> _WORK REQUIRED_
When you reach the line that contains "Jenna Ortega as", please begin copying, and carry on exactly to the last line of the material, leaving out every picture.

> _DATA PROVIDED_

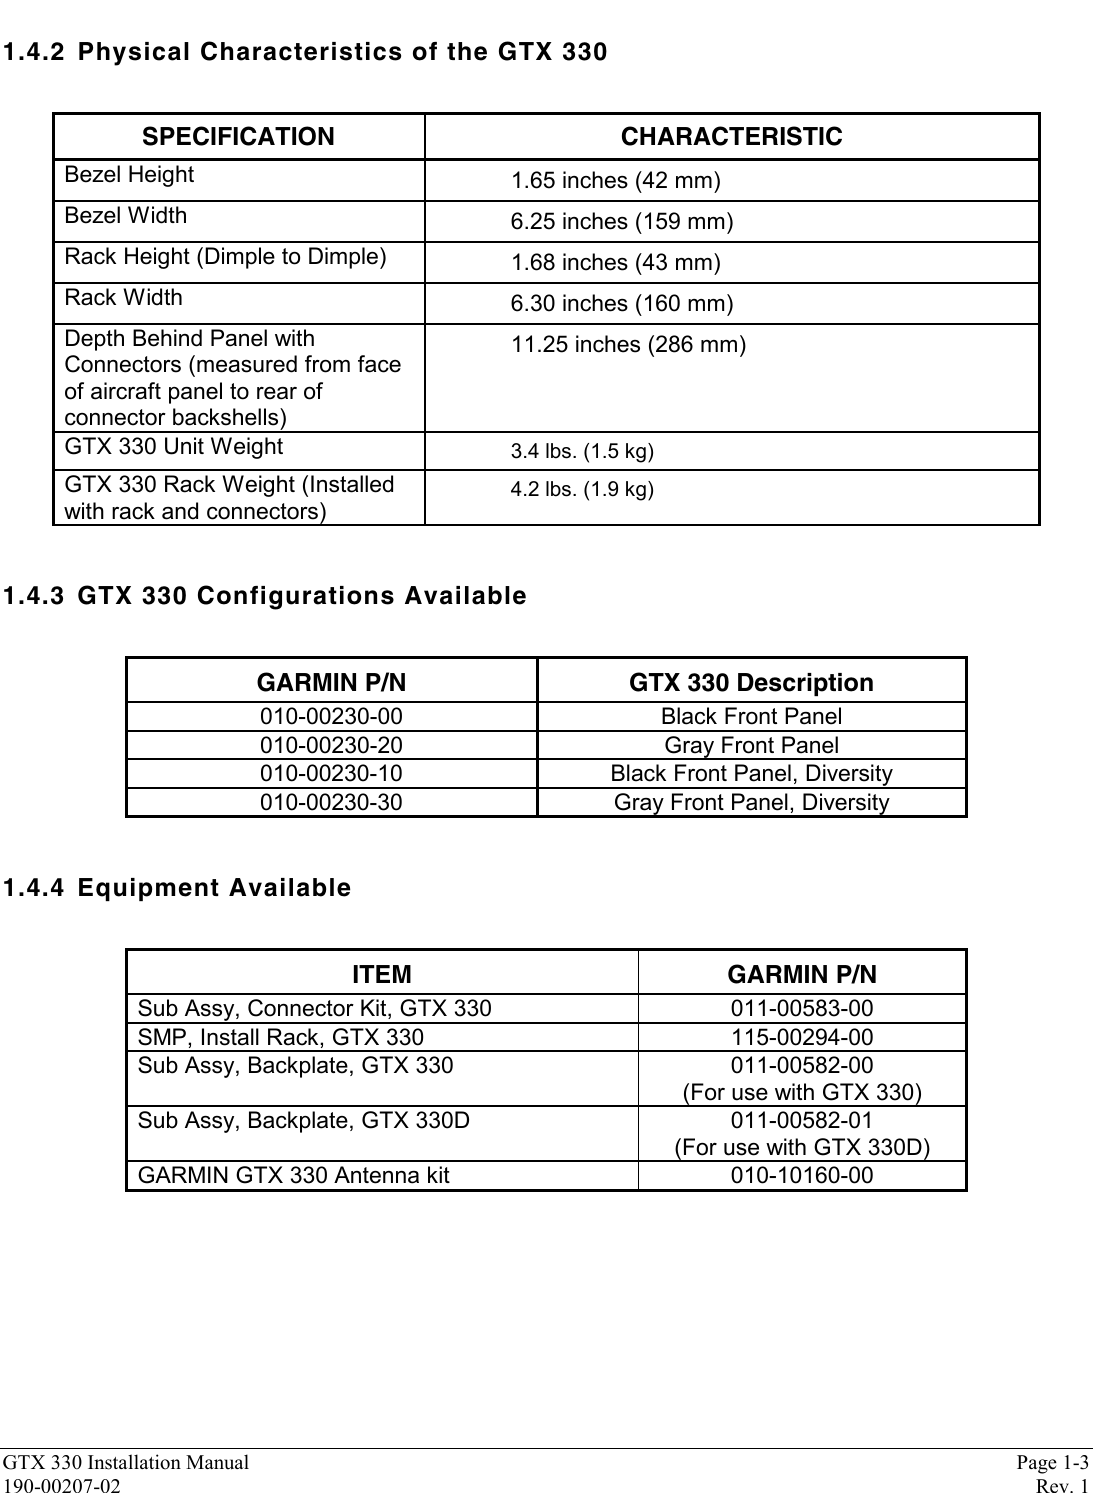 GTX 330 Installation Manual Page 1-3190-00207-02 Rev. 11.4.2 Physical Characteristics of the GTX 330SPECIFICATION CHARACTERISTICBezel Height 1.65 inches (42 mm)Bezel Width 6.25 inches (159 mm)Rack Height (Dimple to Dimple) 1.68 inches (43 mm)Rack Width 6.30 inches (160 mm)Depth Behind Panel withConnectors (measured from faceof aircraft panel to rear ofconnector backshells)11.25 inches (286 mm)GTX 330 Unit Weight 3.4 lbs. (1.5 kg)GTX 330 Rack Weight (Installedwith rack and connectors)4.2 lbs. (1.9 kg)1.4.3 GTX 330 Configurations AvailableGARMIN P/N GTX 330 Description010-00230-00 Black Front Panel010-00230-20 Gray Front Panel010-00230-10 Black Front Panel, Diversity010-00230-30 Gray Front Panel, Diversity1.4.4 Equipment AvailableITEM GARMIN P/NSub Assy, Connector Kit, GTX 330 011-00583-00SMP, Install Rack, GTX 330 115-00294-00Sub Assy, Backplate, GTX 330 011-00582-00(For use with GTX 330)Sub Assy, Backplate, GTX 330D 011-00582-01(For use with GTX 330D)GARMIN GTX 330 Antenna kit 010-10160-00
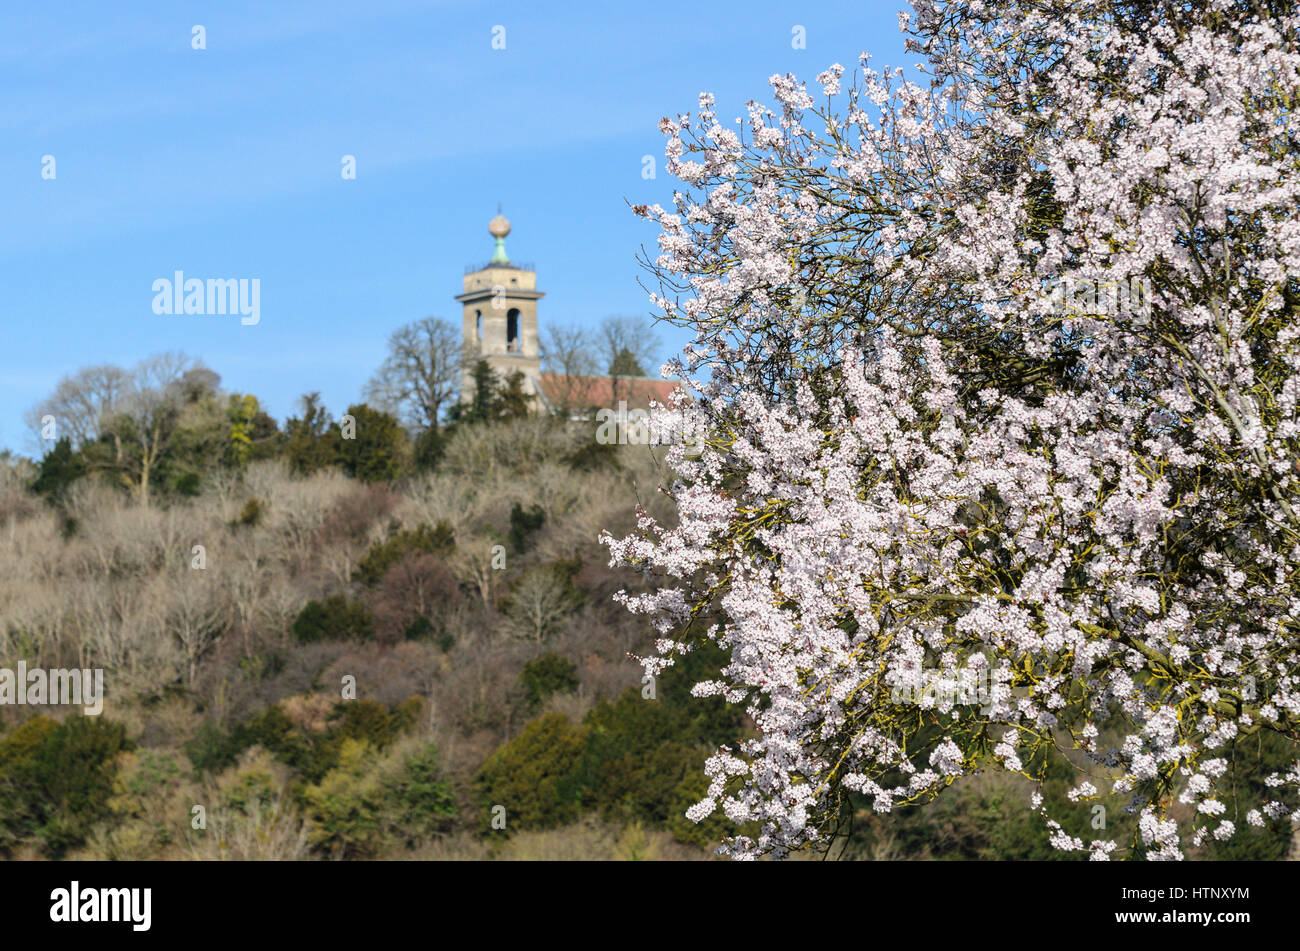 West Wycombe, UK. 13th March 2017. UK Weather. A warmer than average temperature was enjoyed in the Chiltern Hills today as blossom signals the onset of Spring. St Lawrence Church, West Wycombe, UK. on a warm spring day. Credit: Michael Winters/Alamy Live News Stock Photo
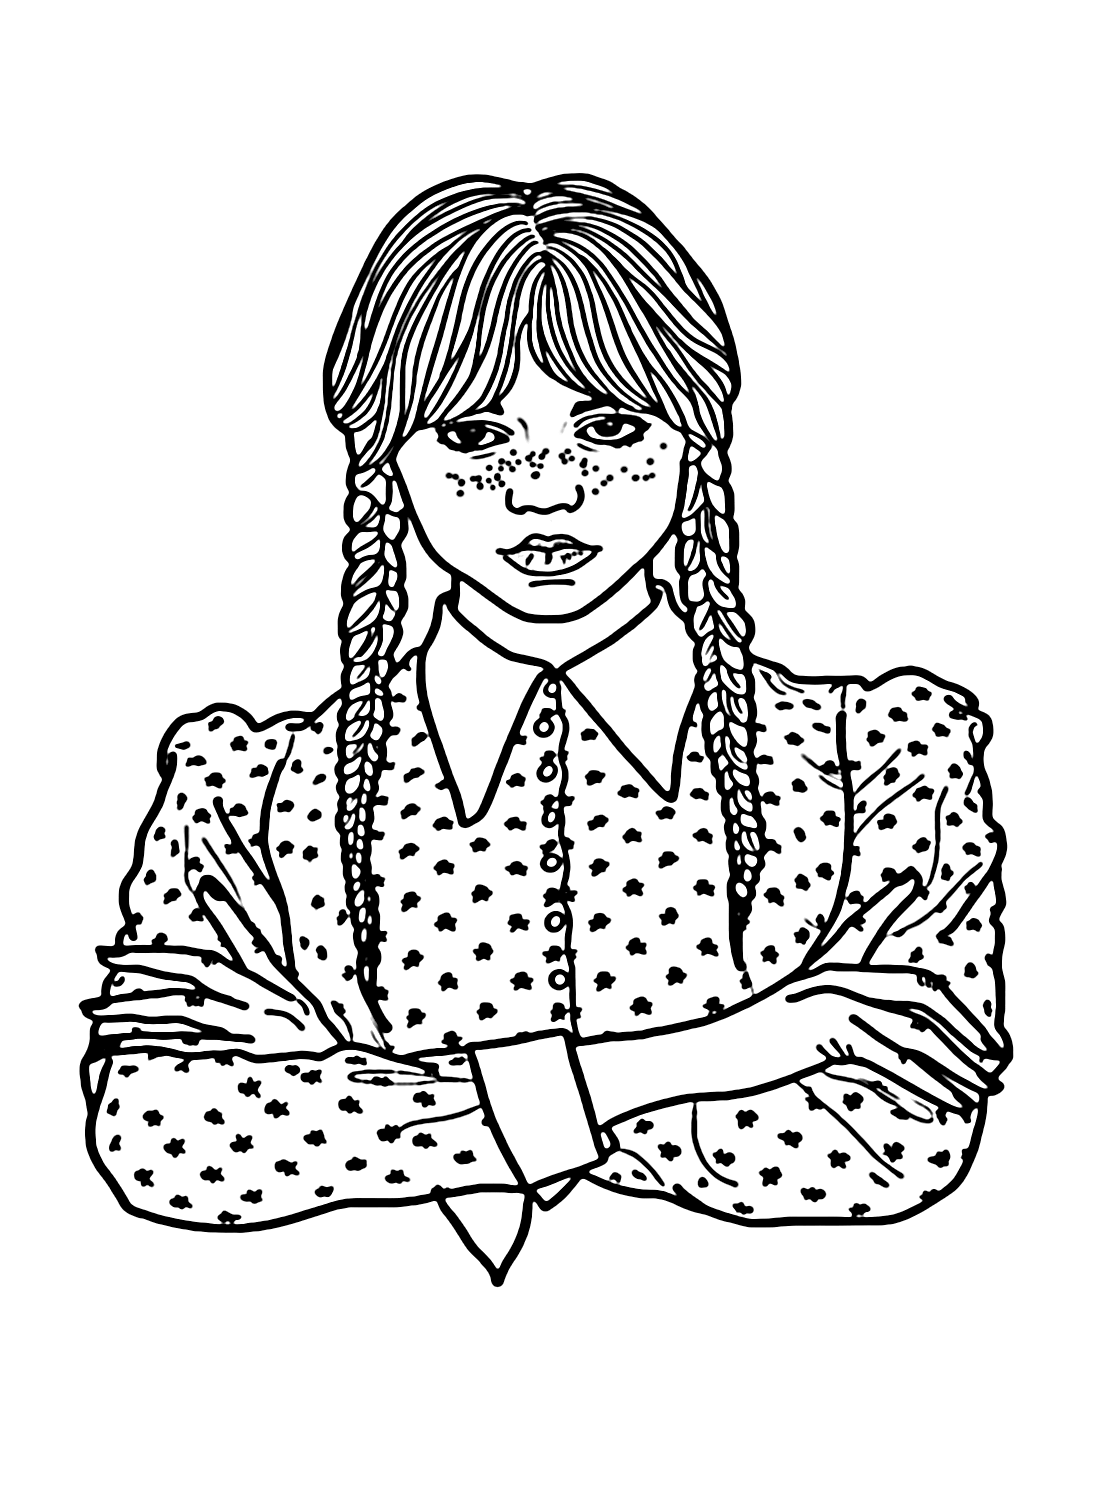 Jenna Ortega as Wednesday Addams Coloring Pages - Wednesday Coloring Pages  - Coloring Pages For Kids And Adults
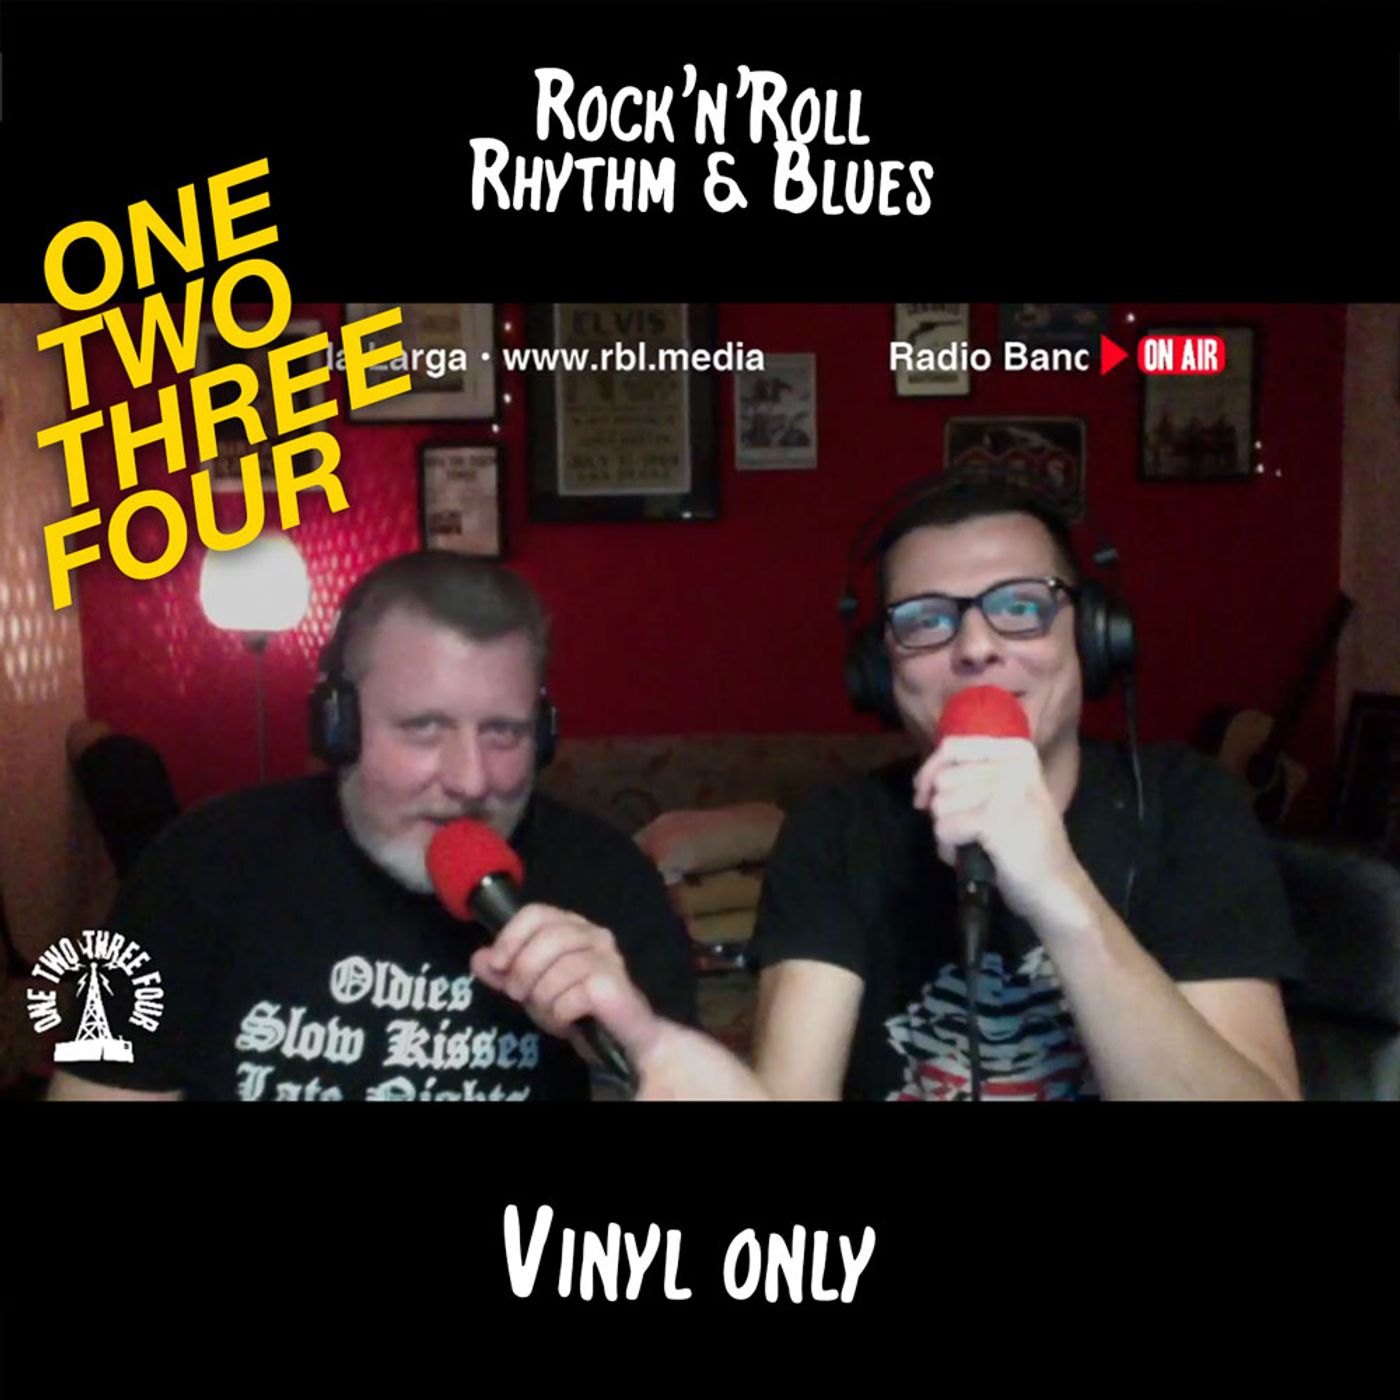 1234 Vinyl Only • finest Rock'n'roll, Jive, R&B from the Fifties! Feb. 02, 2021

> _TASK ANSWER_
 Jenna Ortega as Wednesday Addams Coloring Pages - Wednesday Coloring Pages  - Coloring Pages For Kids And Adults
 1234 Vinyl Only • finest Rock'n'roll, Jive, R&B from the Fifties! Feb. 02, 2021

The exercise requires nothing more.